This invention relates to photosensitive devices. In particular, the present invention is an improved bond and bonding technique for bonding photodetector devices to electrically conductive substrates.
It is desirable for certain applications to bond photodetectors such as mercury cadmium telluride infrared photoconductive detectors to a heat sink in order to raise the thermal damage threshold of the detector. Heat transfer across the entire bond interface should be as high as possible.
A problem which is encountered particularly with photoconductive detectors is that the bond and the heat sink (which is usually electrically conductive) must not short out the detector. It is necessary, therefore, to provide a bond which has high thermal conductivity while providing electrical insulation between the photodetector and the metal heat sink.
One previous approach has consisted of epoxy bonding a mercury cadmium telluride photoconductive detector to a copper heat sink. The epoxy is an electrical insulator as well as a bonding material. This technique, however, is limited by the poor thermal conductivity of epoxy.
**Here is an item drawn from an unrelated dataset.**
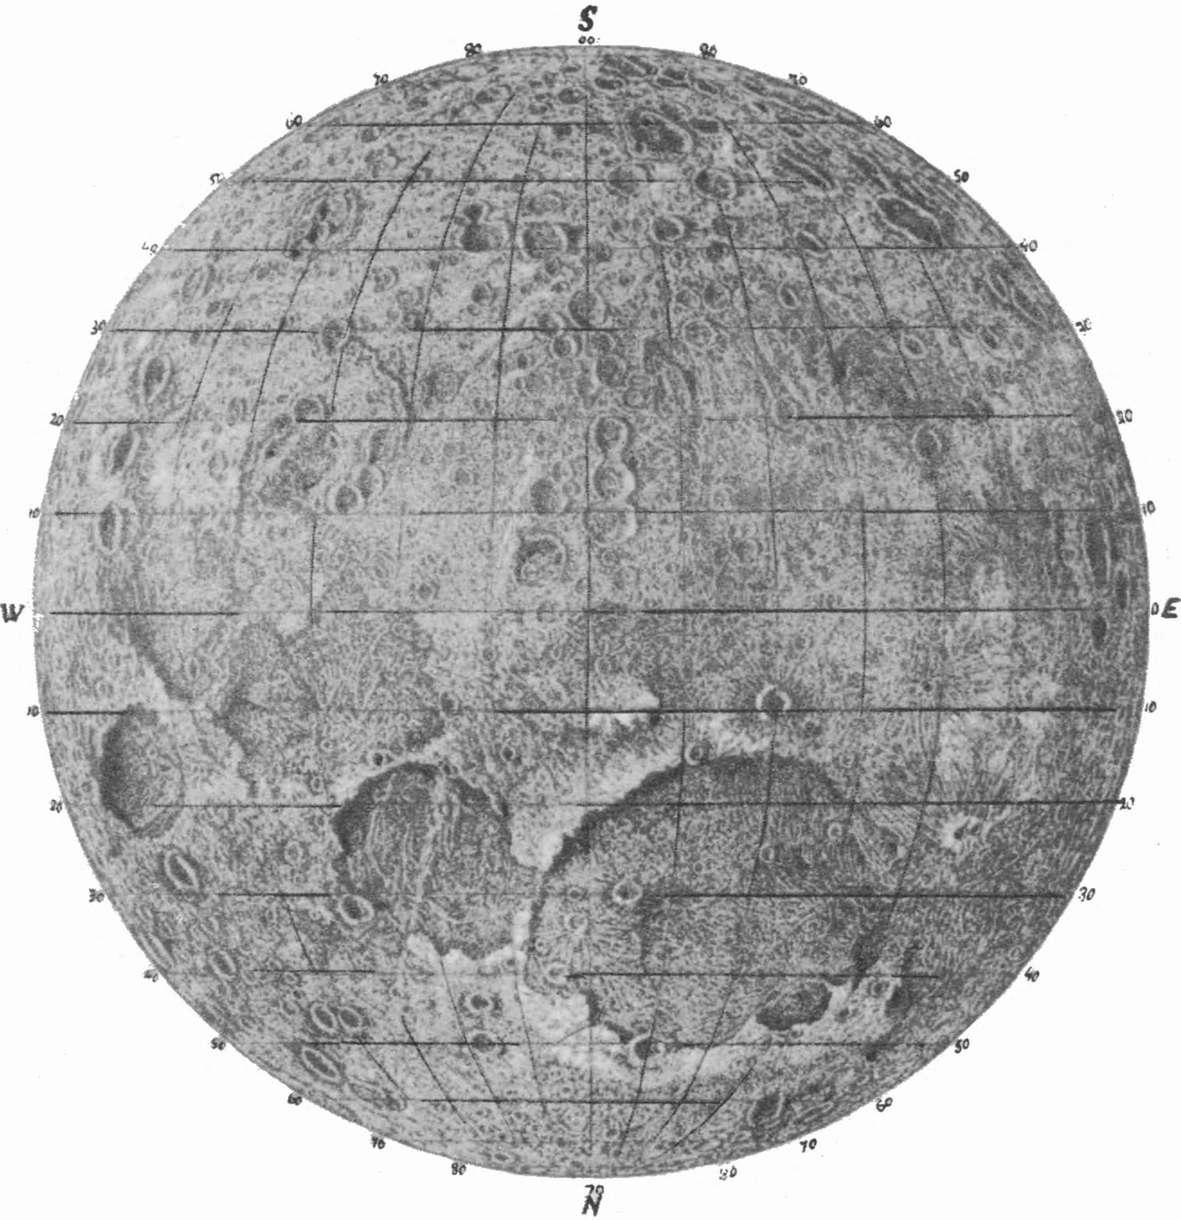 Исчезнувшая цивилизация на Луне

Another approach consists of evaporating an insulating layer of zinc sulfide onto the back surface of the mercury cadmium telluride photoconductive detector. A chromium layer is then deposited on the zinc sulfide, followed by a gold layer. Indium, which wets gold (but not zinc sulfide), is then used to solder the detector to the metal heat sink. The disadvantage of this approach is that multiple layers must be evaporated to achieve an insulating, solderable surface. This results in a higher probability of bonding failure due to delamination of the coatings and a higher cost due to increased fabrication steps.